IE 6 unsuitable for web 2.0 apps?

I read Richard McManus’ blog posting yesterday on whether IE 6 is unsuitable for web 2.0 apps.

Among other things, he cites Ross Dargahi’s blog post at Zimbra:

From a Web 2.0 application developers perspective (developers who use a lot of JavaScript and DOM manipulaion), IE 6 is plagued by a number of well known problems such as its ability to readily leak memory. Regrettably, Microsoft’s next release of Internet Explorer, IE 7, does little to resolve these issues.

There’s no question that it’s very easy to cause all kinds of memory leaks in IE 6. When we developed an Ajax-powered calendar creation site last fall, getting it working in IE 6 was a huge issue.

When we ran compatibility testing with iBeta, and even when we were doing usability testing with The UE Group, we were experiencing chronic crashing problems in IE 6. Memory leaks where killing the browser after people were on the site for more than 15 minutes or so. And, of course when that happens, people don’t blame their browser, they blame the website they were on.

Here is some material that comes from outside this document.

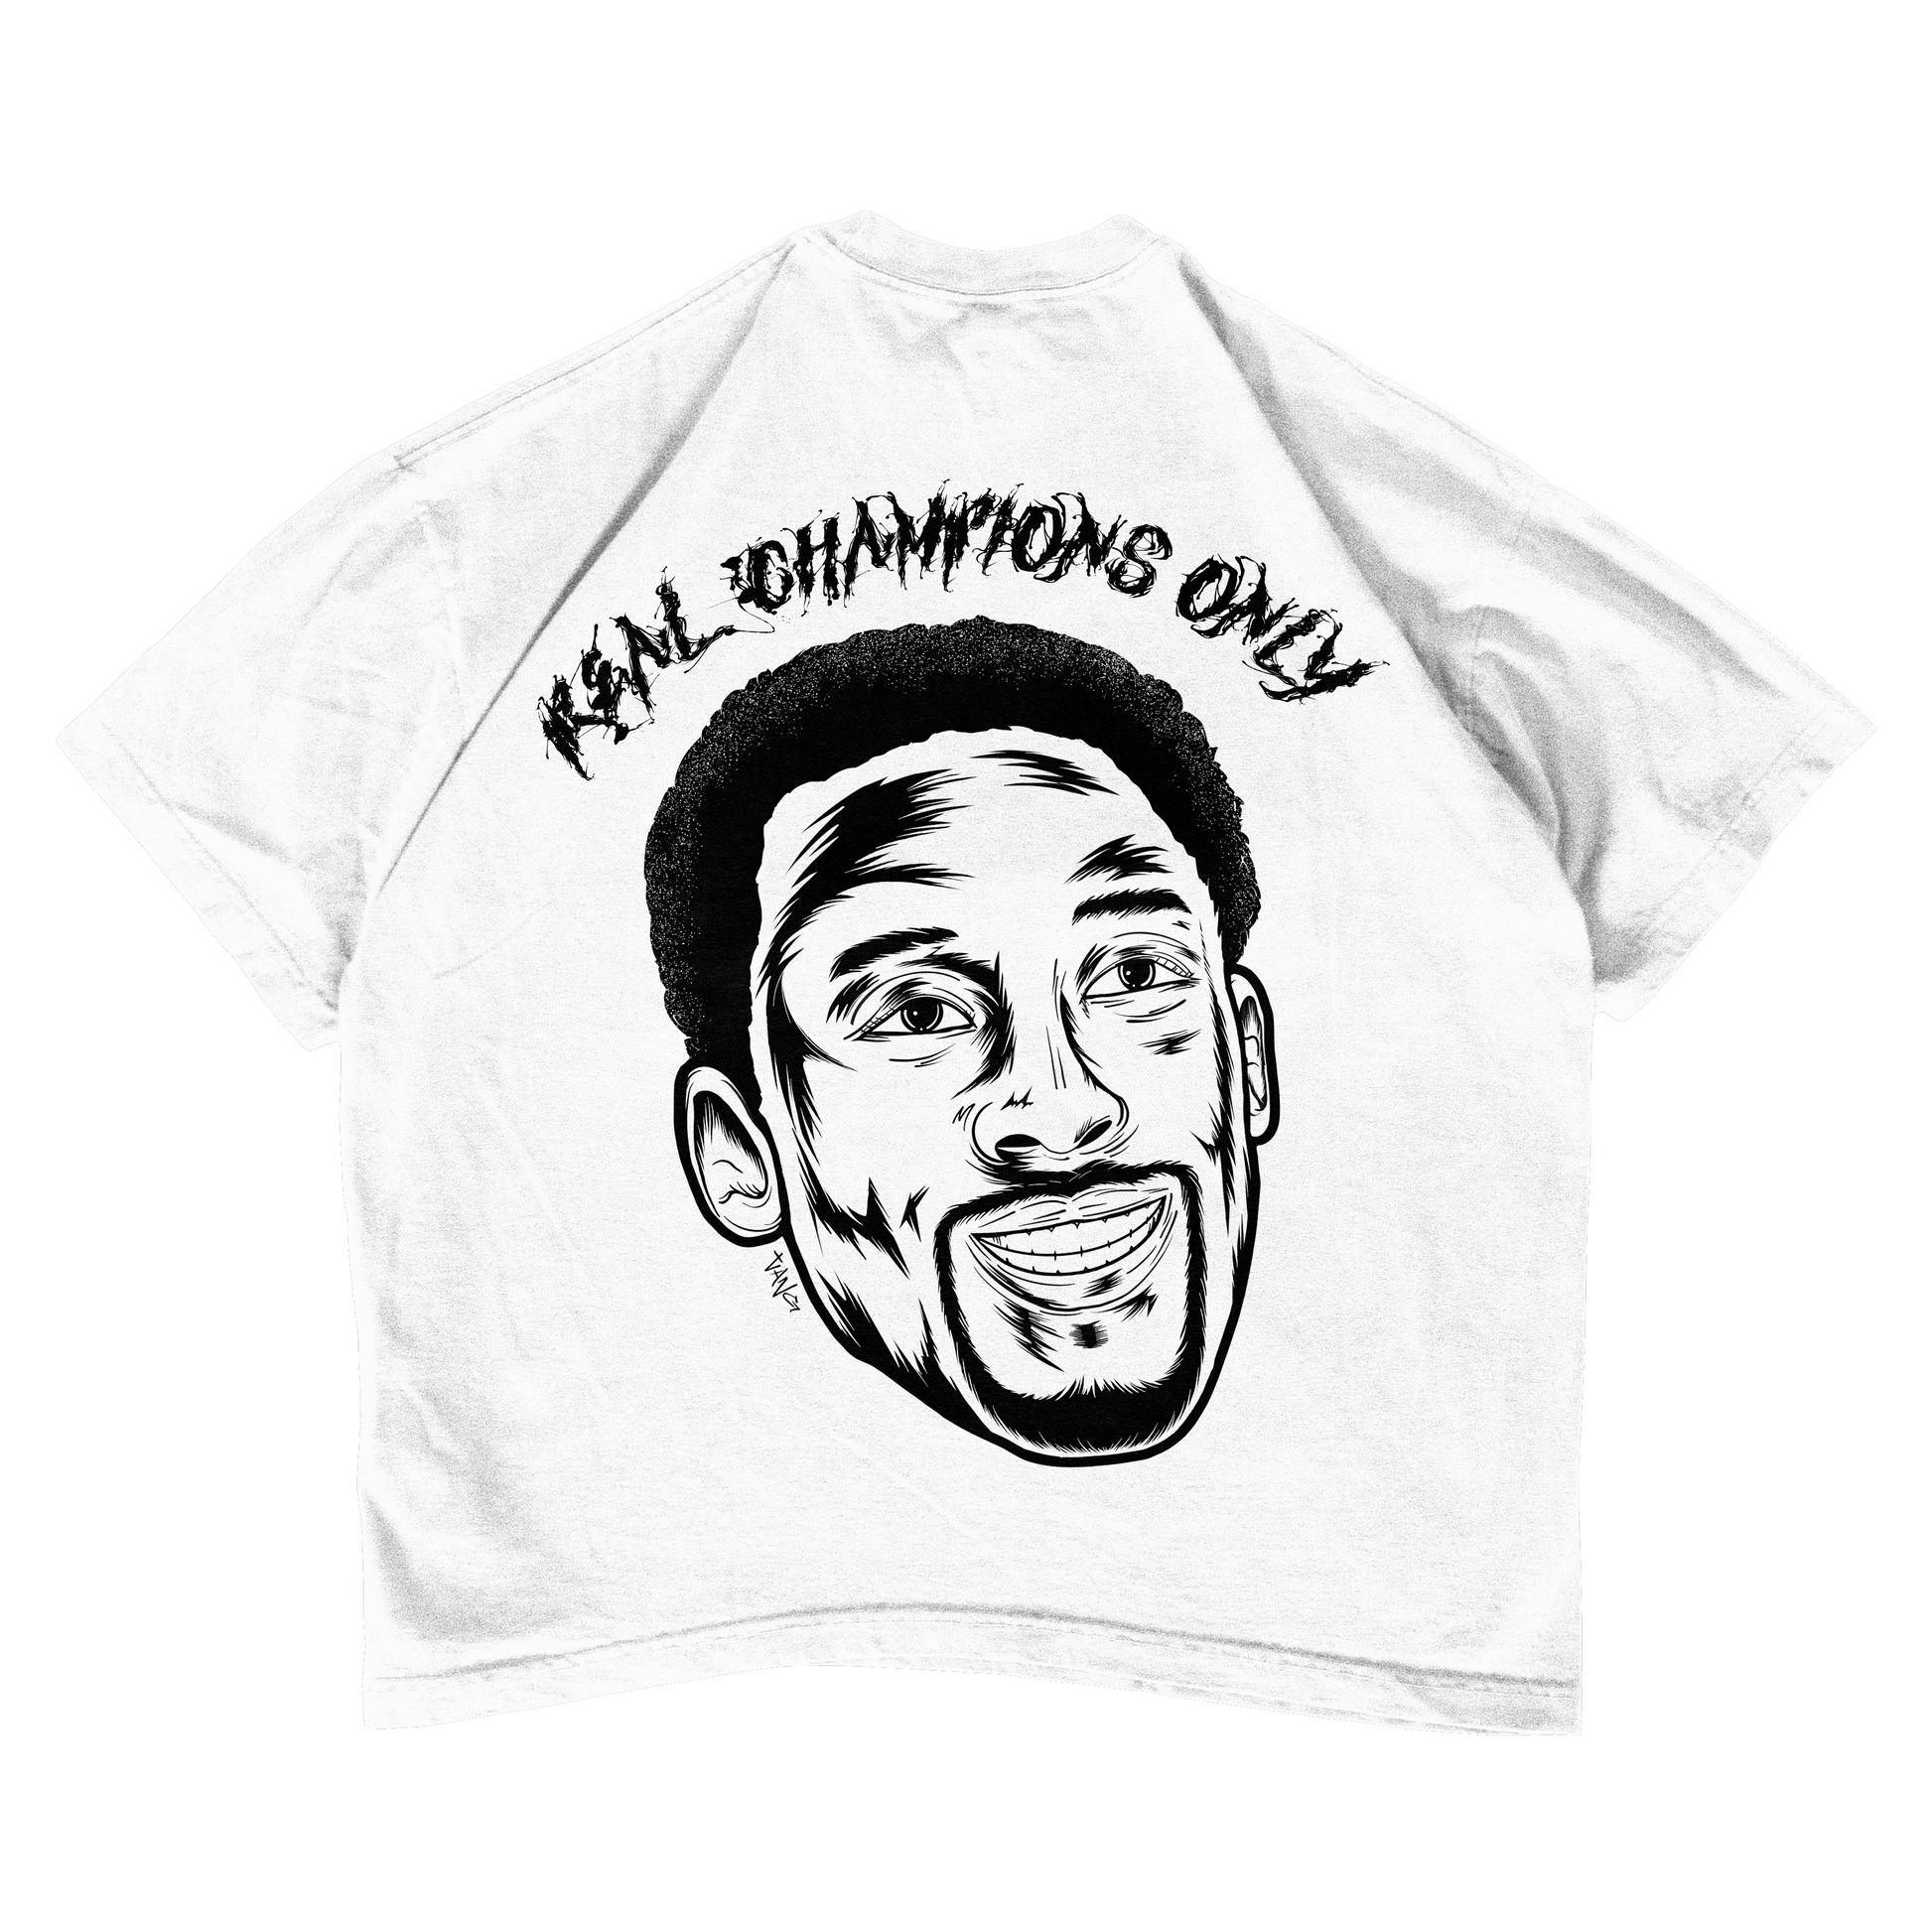 Real Champions Only - Premium LA Edition T-Shirt - TYLER VANG
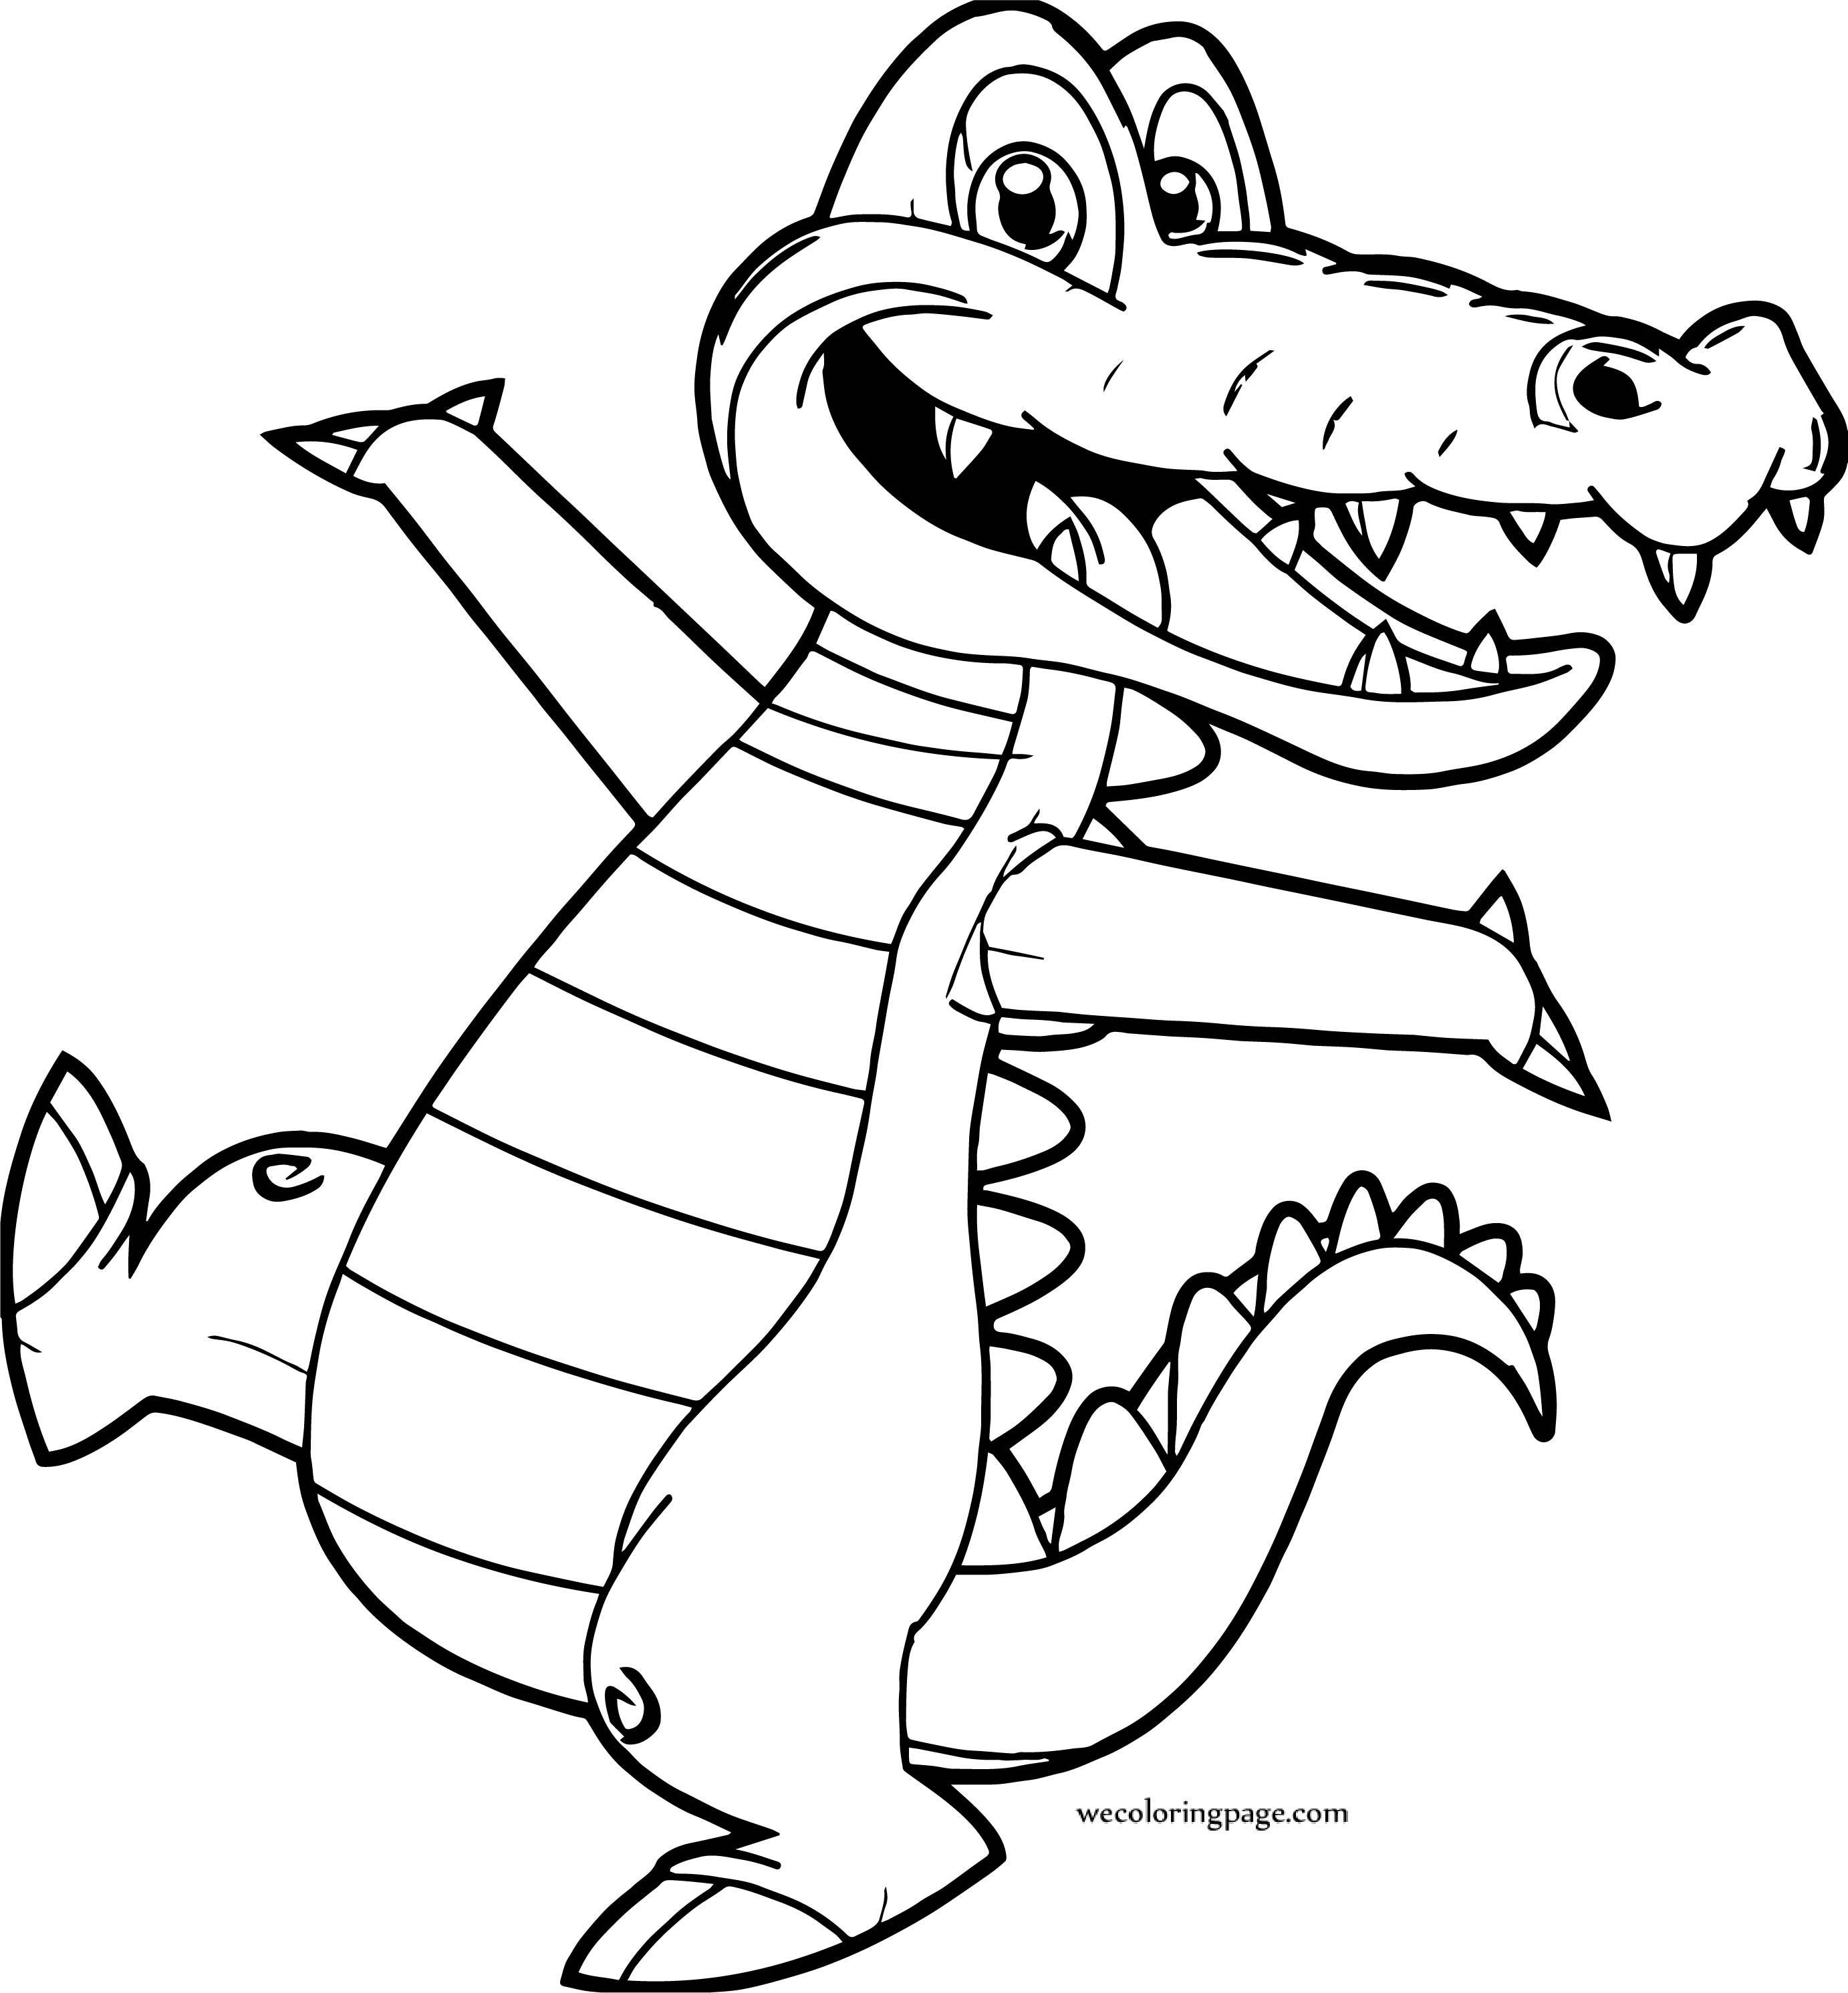 alligator-printable-coloring-pages

However, we actually managed to fix the memory leaks – Mike Skovgaard, the primary developer on the site, worked crazy hours to trace every single instance where anything was called in the browser and explicitly release that memory.

So eventually IE 6 worked out OK for us – although getting it working was a lot tougher than Firefox, no question. Certainly, however, we’re hoping that IE 7 will be better.

I’m guessing, however, that Zimbra’s app is probably a lot heavier-duty than ours … and that probably has a lot to do with their issues.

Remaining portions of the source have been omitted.